• Dataset content
Start of Block

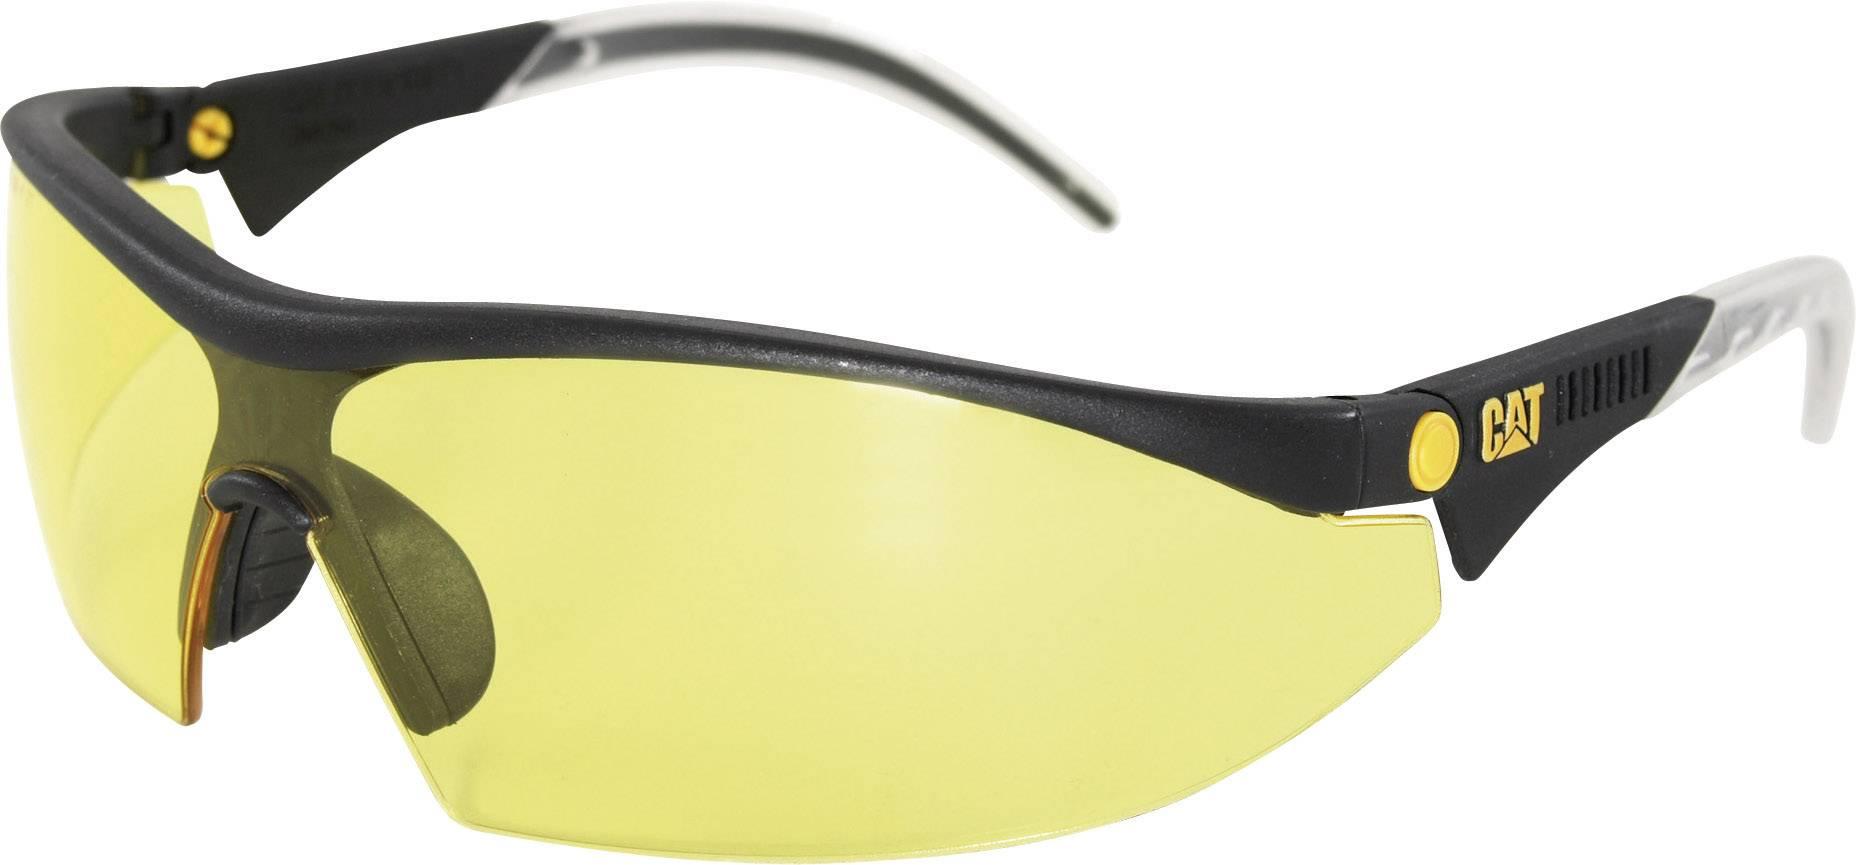 Ochranné okuliare CAT DIGGER112CATERPILLAR
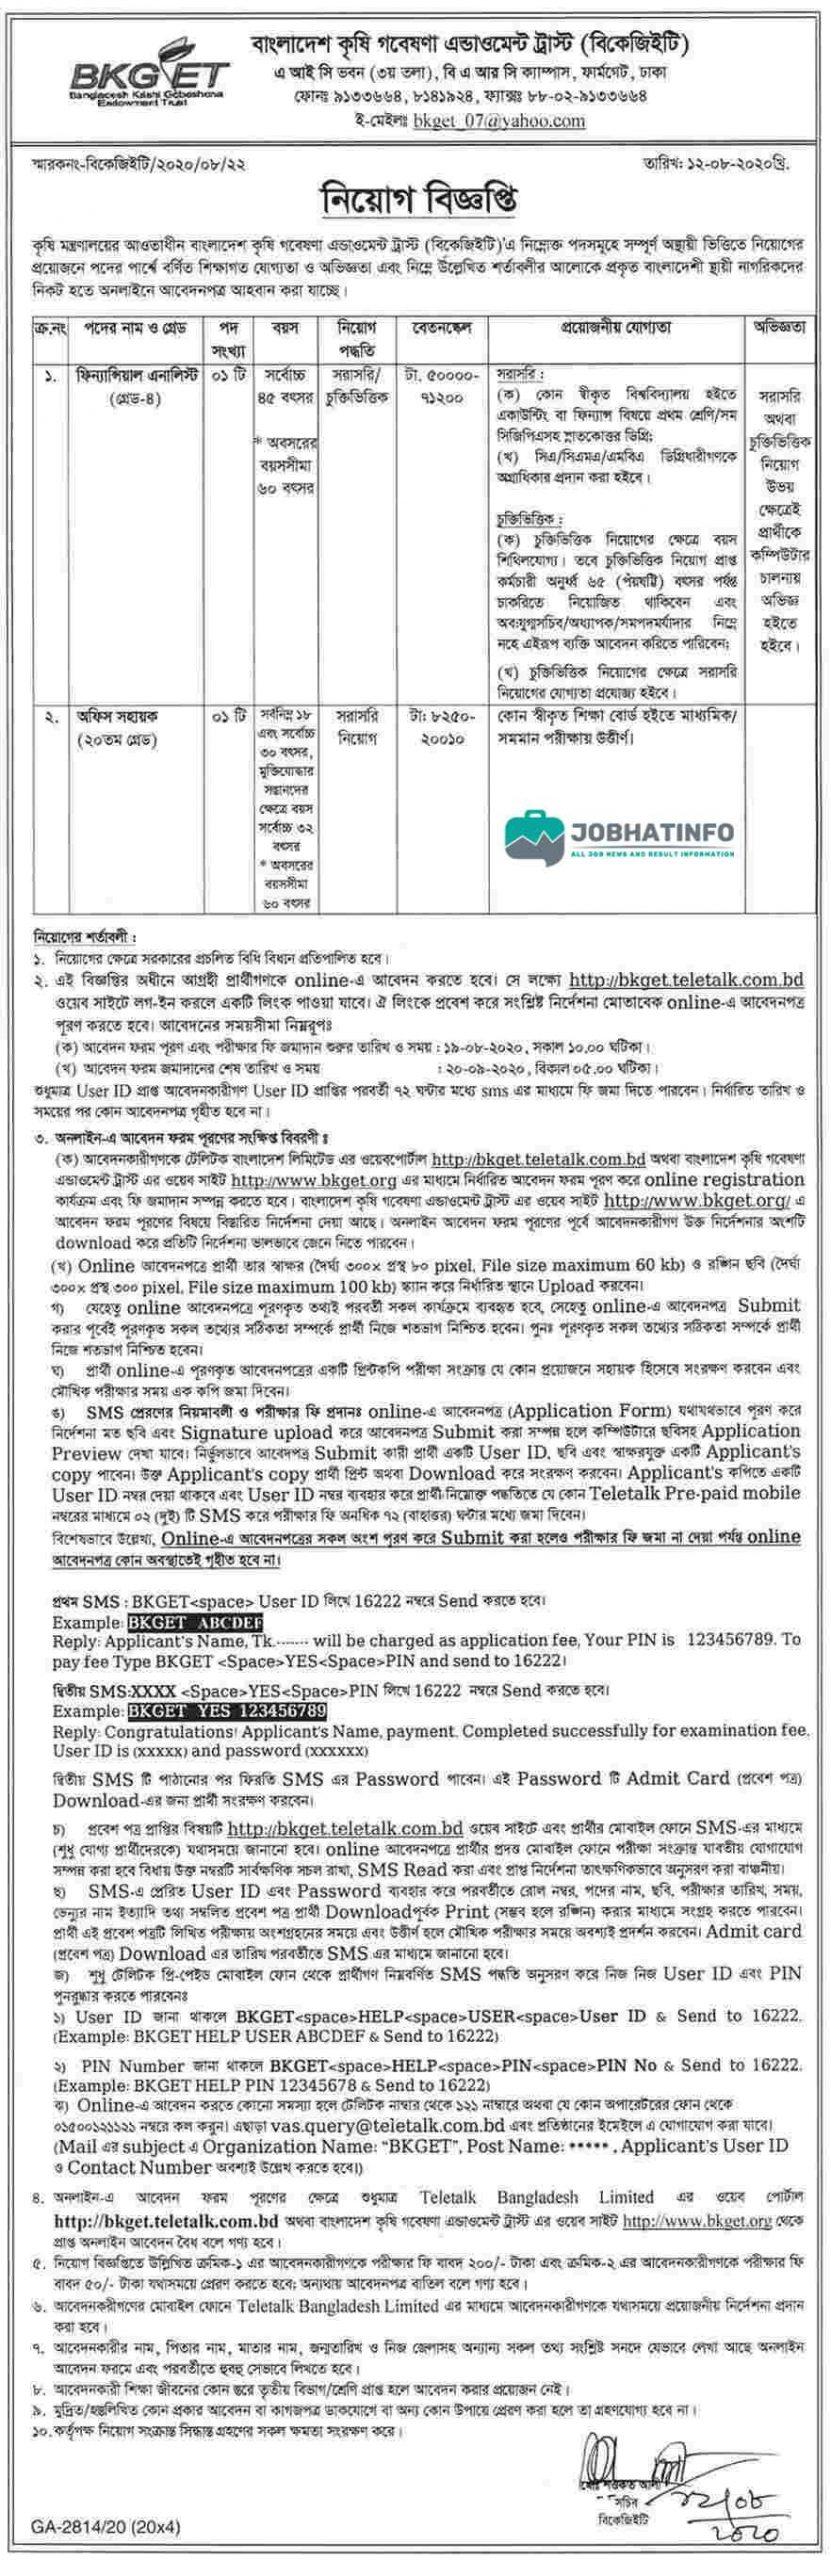 MOA Job Circular 2020  | Ministry of Agriculture | Govt Job Circular 1
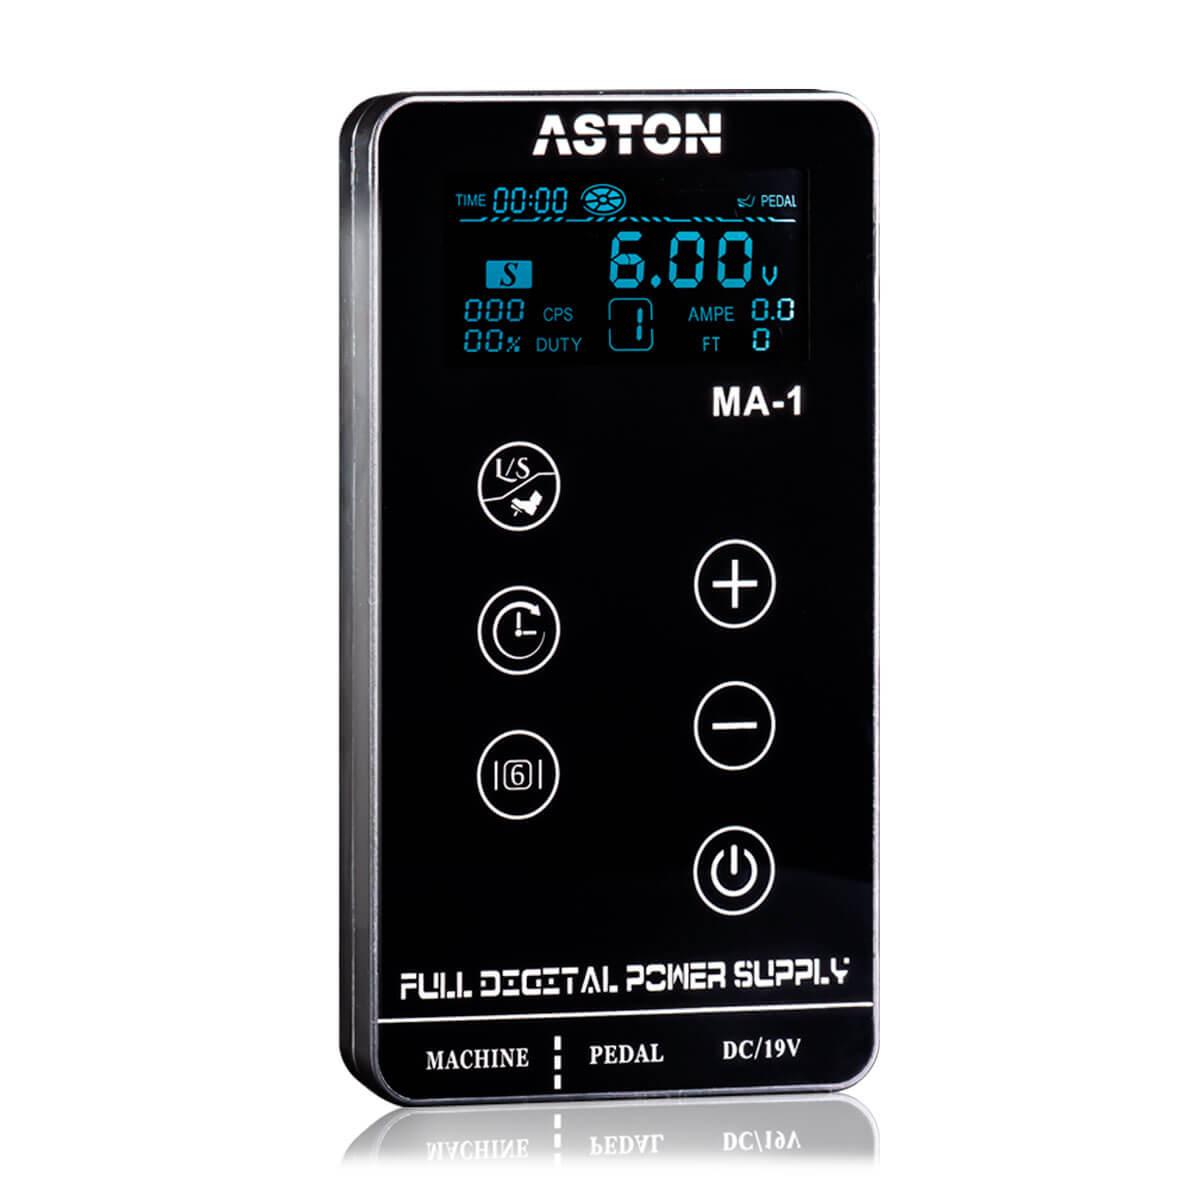 Kit Aston Pen Create Dourado + Fonte Aston Ma-1

End of Block

• Task brief
The response must match the listing exactly, except that pictures are removed.

• Solution to the problem
 Ochranné okuliare CAT DIGGER112CATERPILLAR
 MOA Job Circular 2020  | Ministry of Agriculture | Govt Job Circular 1
 Kit Aston Pen Create Dourado + Fonte Aston Ma-1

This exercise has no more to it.